Unlike most cells in the human body, stem cells have the unique ability to divide indefinitely. This unique property makes them especially appealing to scientists exploring ways to extend human lifespans or develop new methods for repairing damaged tissues. Pluripotent stem cells have the potential to differentiate into any of the three primary tissue types - endoderm (such as the intestines, stomach, and lungs), mesoderm (such as muscle, bones, and heart), and ectoderm (such as nerves and skin). However, cultivating these cells in incubators and guiding their differentiation into the desired cell type remains a major challenge. Advancements in this field could unlock significant progress in bioengineering, including the potential to grow entire organs artificially.
In a recent study published in Lab on a Chip, researchers at Osaka University unveiled a new compact in-incubator cell imaging device called INSPCTOR. This device allows for real-time remote monitoring of cell growth, even in compact incubators.
INSPCTOR leverages lens-free imaging technology integrated with thin-film transistors (TFT).
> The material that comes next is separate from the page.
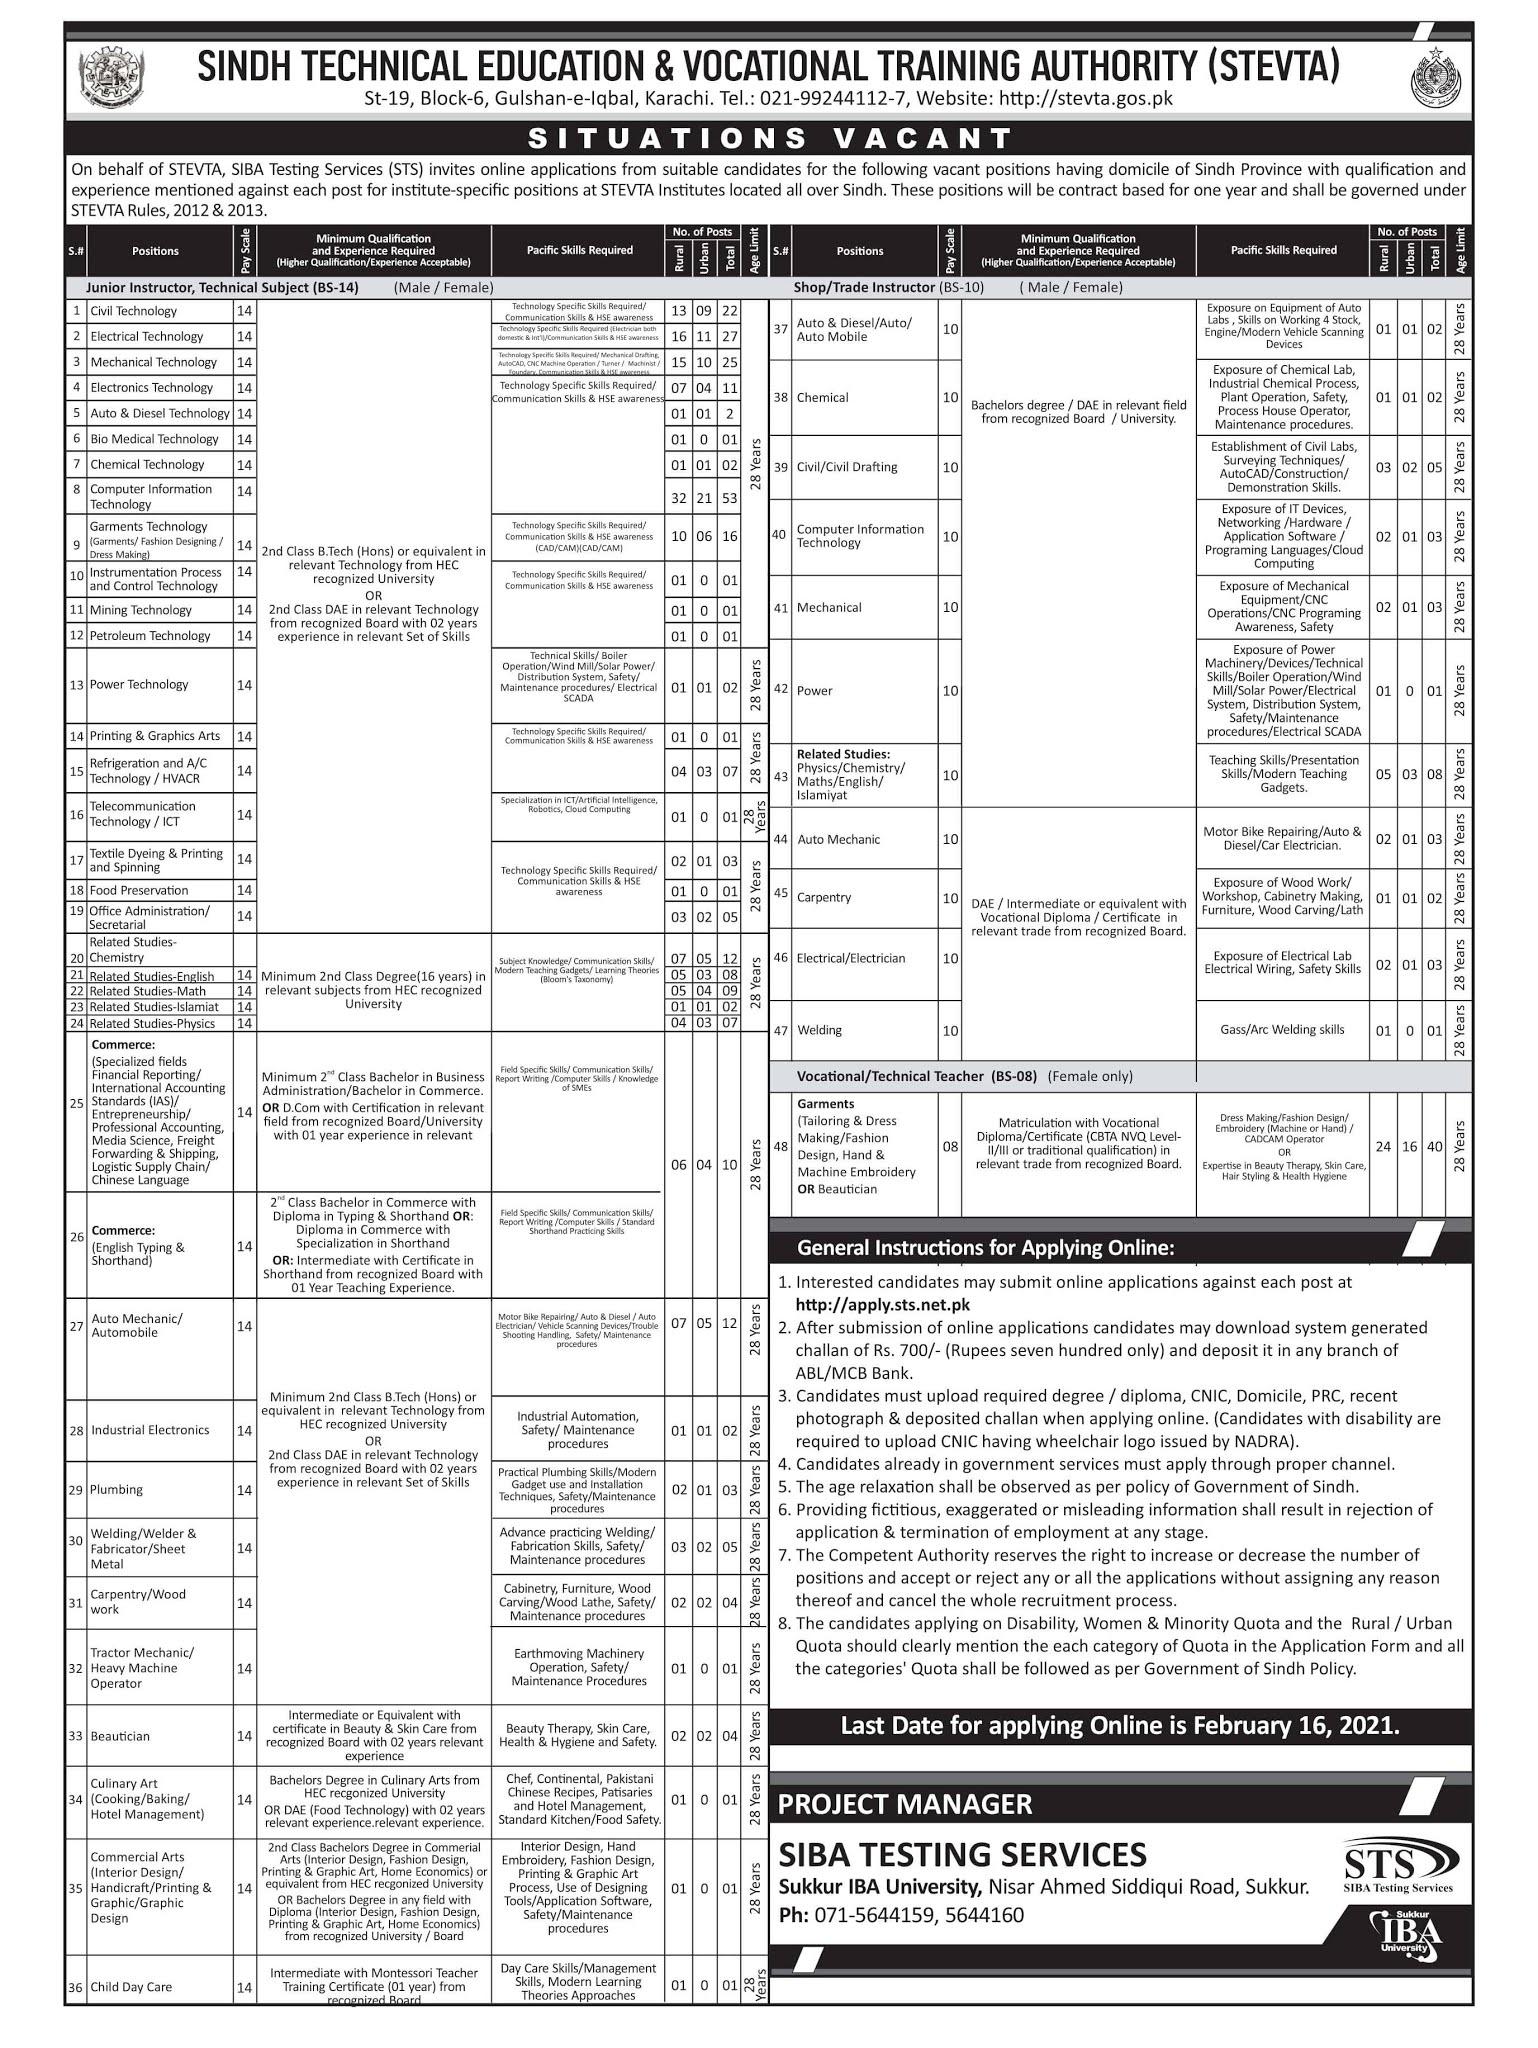 STEVTA Sindh Technical Education & Vocational Training Authority Jobs 2021 Via SIBA STS Testing Service Apply Online

TFT image sensors absorb scattered light passing through objects and shining onto a thin film, generating electrical charges. Each TFT sensor is the same size as a standard glass slide and can capture images of up to six culture chambers on a typical 8-well cell culture plate. As a result, six cultures can be observed independently, and multiple units can be managed simultaneously within a compact incubator.
"One of the main advantages of our approach are that effective quality control of stem cell cultures and cell production processes can be easily implemented," said the study's lead author, Taishi Kakizuka.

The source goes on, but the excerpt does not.